Figure 6. RtcB is in complex with IRE1α

A. In HEK293T cells stably transfected with either Flag-RtcB^WT or Flag-RtcB^C122A, the level of Flag-RtcB was comparable to that of endogenous RtcB (lower panel, input). Anti-Flag co-IP showed that both wild type and ligase-dead RtcB proteins were associated with overexpressed IRE1α. Parental HEK293T cells that overexpressed IRE1α were used as a negative control. B. Using glutathione-Sepharose pull-down, a similar experiment was performed with GST-RtcB stably transfected HEK293T cells, showing that GST-RtcB interacted with overexpressed IRE1α. C. The association of RtcB with IRE1α was resistant to RNase A treatment.
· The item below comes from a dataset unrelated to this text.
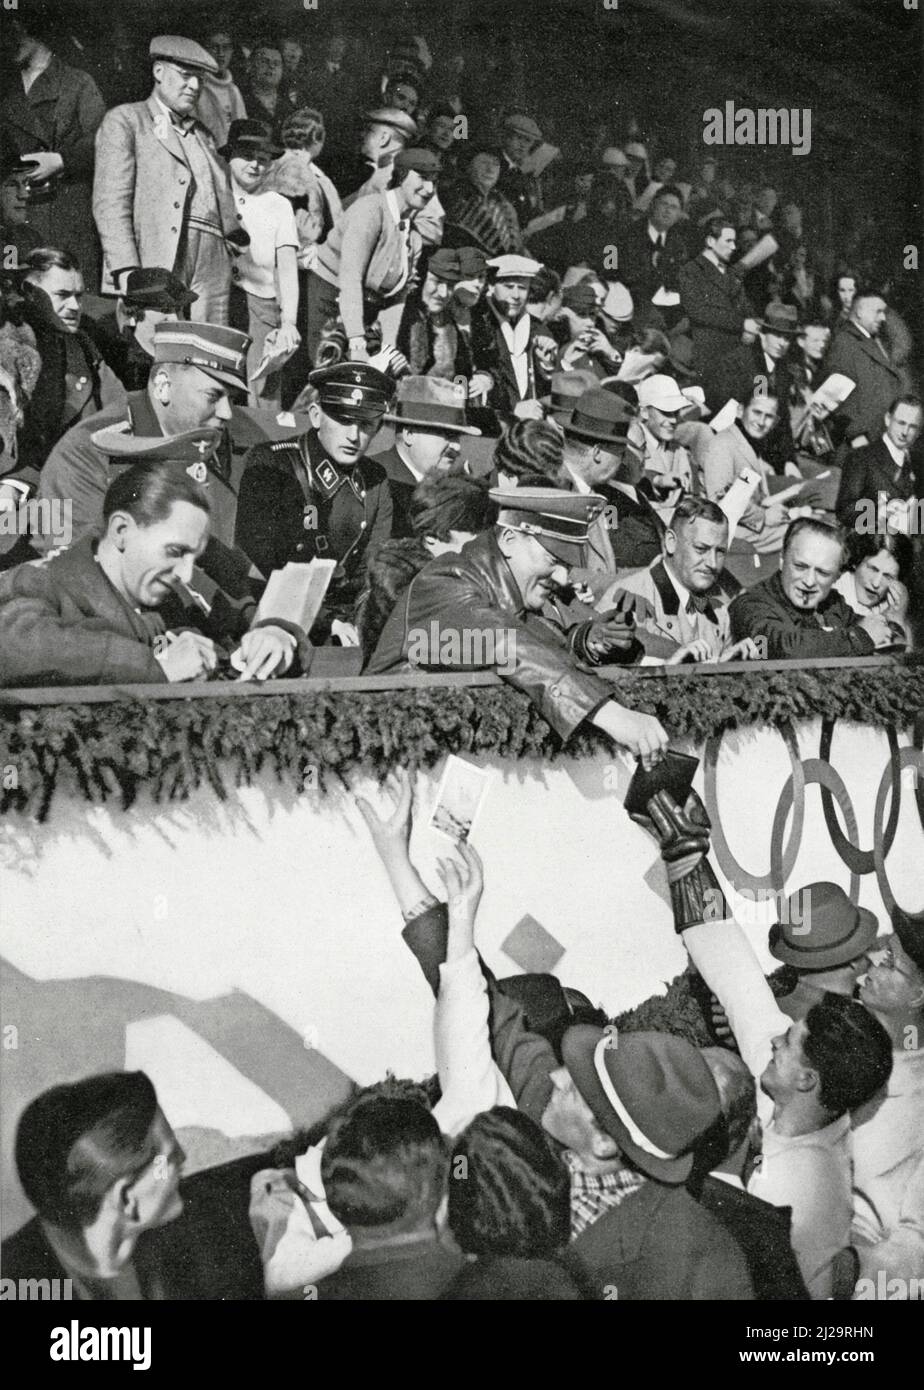 Le chancelier de Reich Adolf Hitler signe des autographes pour les athlètes canadiens dans le stade de glace artificielle, avec le ministre de la propagande de Reich Joseph Goebbels Banque D'Images

D–E. Endogenous IRE1α was associated with Flag-tagged or GST-tagged RtcB in two stable HEK293T cell lines that expressed Flag-RtcB and GST-RtcB, respectively.
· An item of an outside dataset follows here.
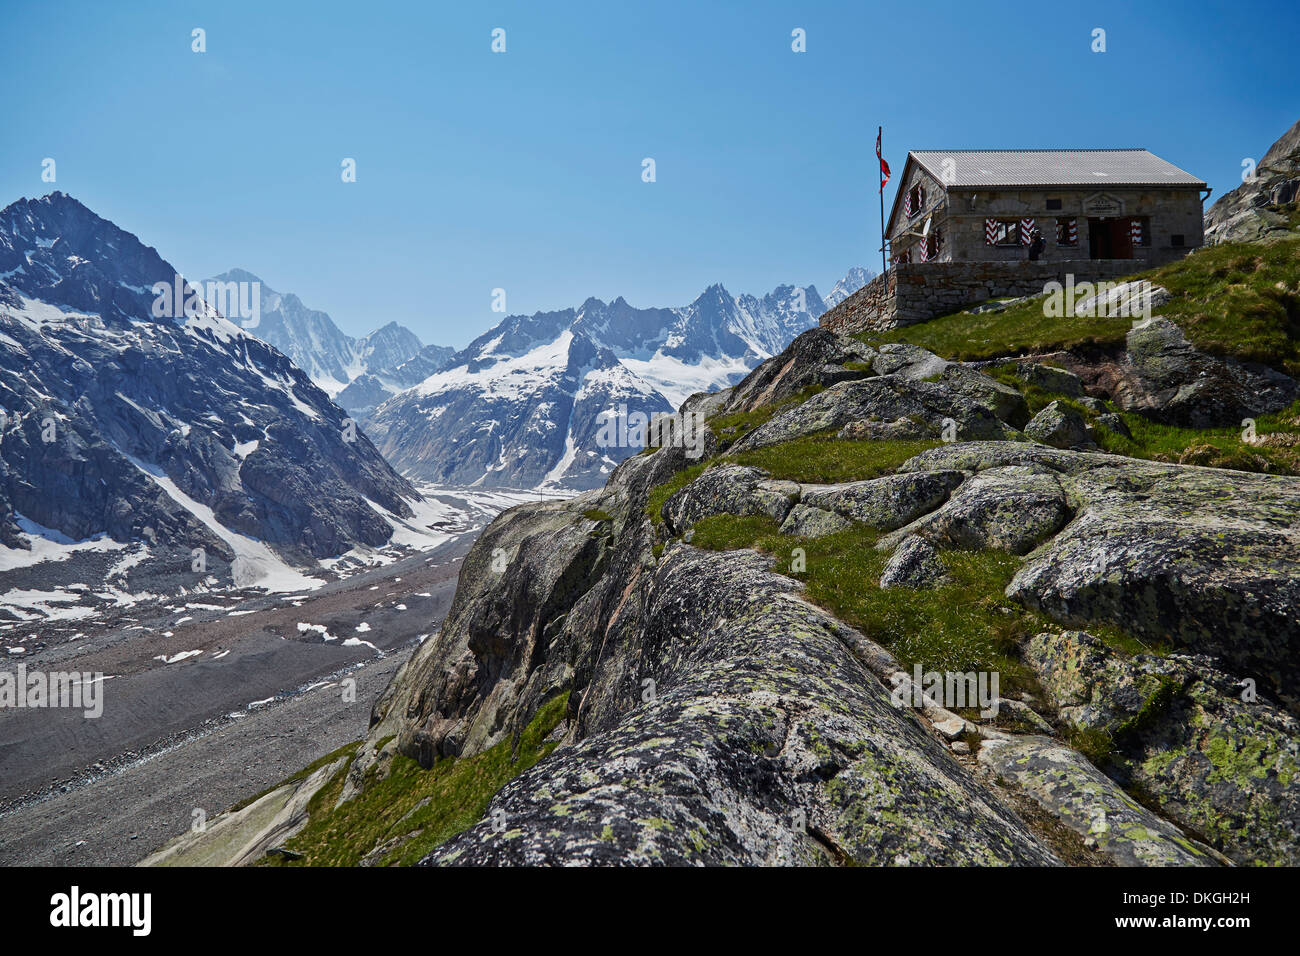 Lauteraar hut above Lauteraar Glacier with Finsteraarhorn, Bernese Oberland, Switzerland Stock Photo

Figure 7. IRE1α and RtcB reconstitute XBP1 splicing in vitro

A. A Coomassie blue stained gel showing the affinity-purified RtcB proteins and the recombinant cytoplasmic domain of IRE1α. Both Flag-RtcB^WT and Flag-RtcB^C122A proteins were purified from the HEK293T stable cell lines described in Fig. 6A. B. An XBP1u intron-containing RNA substrate described in Fig. S7 was generated by in vitro transcription. Indicated purified proteins were incubated with the RNA substrate. The RNA products were purified and analyzed by RT-PCR. Note that the PCR was carried at saturation to increase signal intensity. The size shift and Pst I digestion patterns showed that wild type RtcB and IRE1α were both required and sufficient for XBP1u splicing in vitro. C. RT-qPCR analysis of the in vitroXBP1 splicing. D. Sequence analysis of the PCR products confirmed that the reconstituted splicing reaction occurred at the exact exon-intron junction. E. A working model to demonstrate the role of RtcB during mammalian UPR. Under normal condition, a subset of RtcB is in complex with IRE1α while binding to XBP1u mRNA. Upon ER stress, IRE1α oligomerizes, trans-autophosphorylates, and activates its endonuclease activity to excise a 26-nt intron of XBP1u. The IRE1α-associated RtcB then ligates two XBP1 exons to generate XBP1s mRNA. By physical interaction between RtcB and IRE1α, the two sequential steps of unconventional XBP1 splicing occur on the ER membrane. At present, it is not known whether RtcB directly interacts with IRE1α or through an intermediate (marked as “X”).